Hi, it looks like a mismatch of IP subnets.

Both the bridge address, 192.168.88.1/24 and the wireguard address, 192.168.88.100/24 are in the same subnet.

They should be separate. Try setting the wireguard interface to 192.168.89.1/24 instead, and for the client something in that subnet, e.g. client-address 192.168.89.2/24 and allowed-address to 192.168.89.2/32.

When testing the wireguard tunnel, start out by pinging the other end, of the tunnel, e.g. 192.168.89.2 from the router. Ping is good for testing, as the firewall allows ICMP, hence it’ll always work, and an address in the same subnet requires no routes.

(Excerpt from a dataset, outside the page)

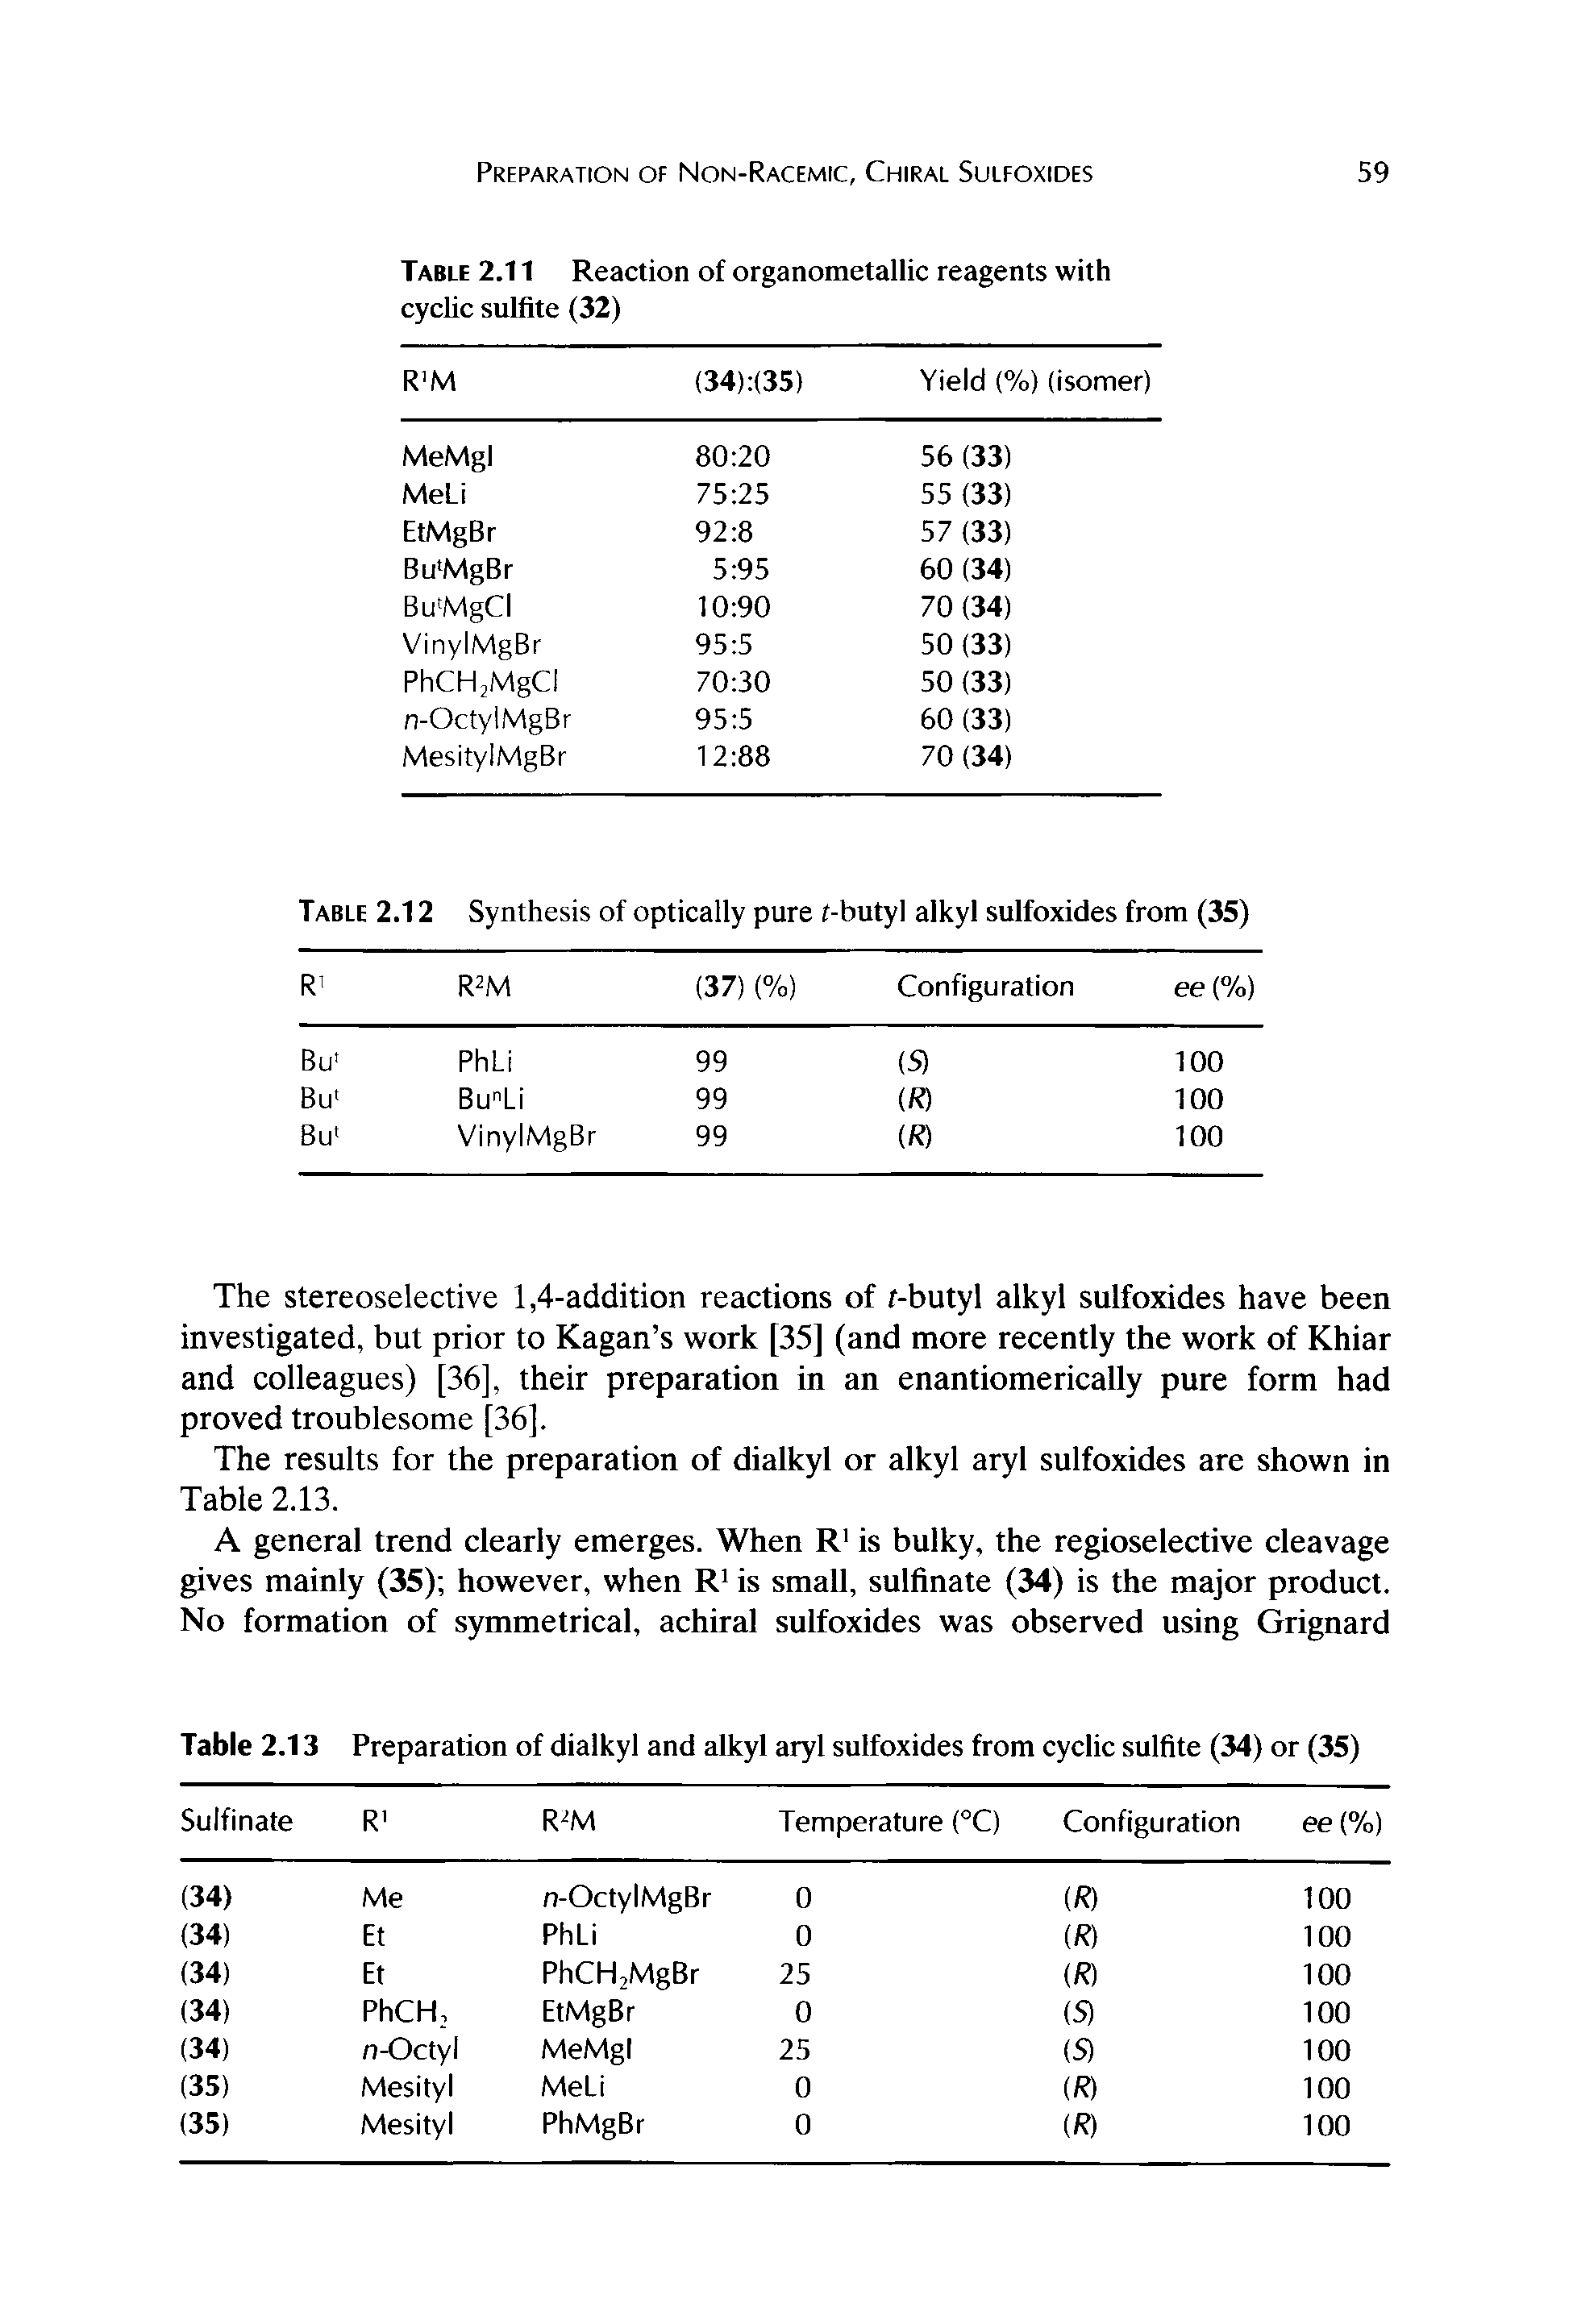 Table 2.13 Preparation of dialkyl and alkyl aryl sulfoxides from cyclic sulfite (34) or (35)...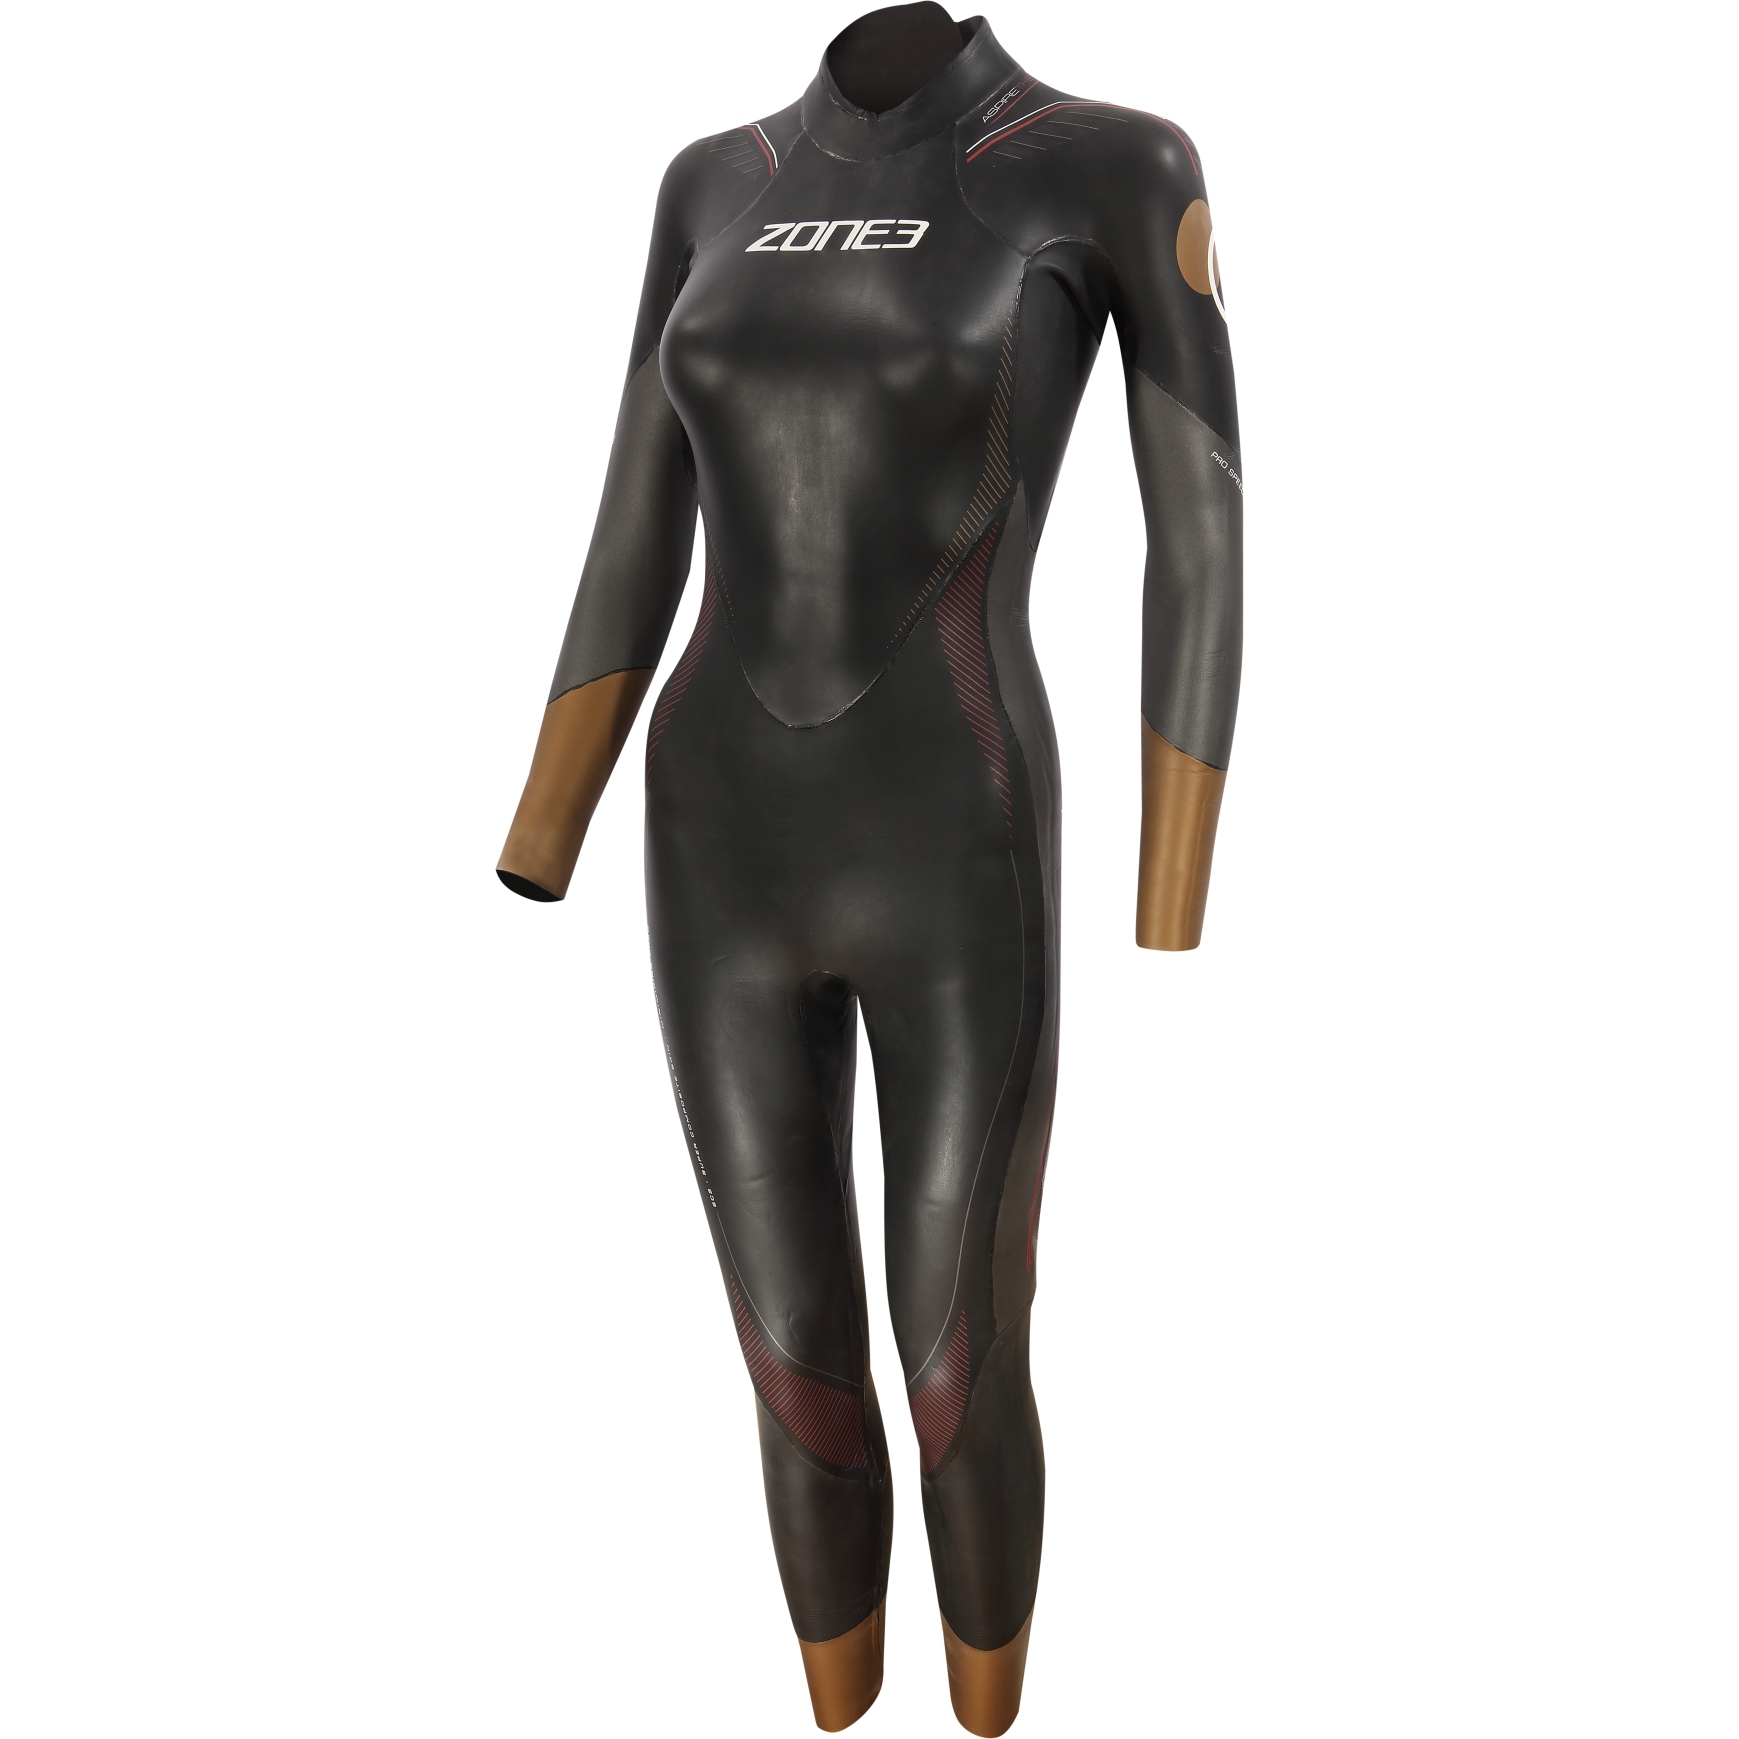 Image of Zone3 Women's Aspire Thermal Wetsuit - black/grey/gold/red

My issue with the config is two bridges. Keep it simple, one bridge.
Ditch the wrongly named one about vlan10 as you have multiple vlans on that bridge, not just 10.
Move the default vlan subnet 88 to a vlan, call it vlan-default.
As was pointed out you have two related discrepancies to deal with.
a. your local subnet and wireguard subnet overlap
b. a wireguard peer has an Ip address that conflicts with a local subnet
Result, changed local subnet from .88 to .188

Also you have ether2 on the bridge but for some reason also gave it its own address which is a conflict.
So the errant address with no other ties anywhere on the config was dropped…or

Bizarre input chain rule TO the router on port 80?? configuring the router should be done within the router and if needing remote access then come in via wiregurd for example and then access the router. Removed,not secure!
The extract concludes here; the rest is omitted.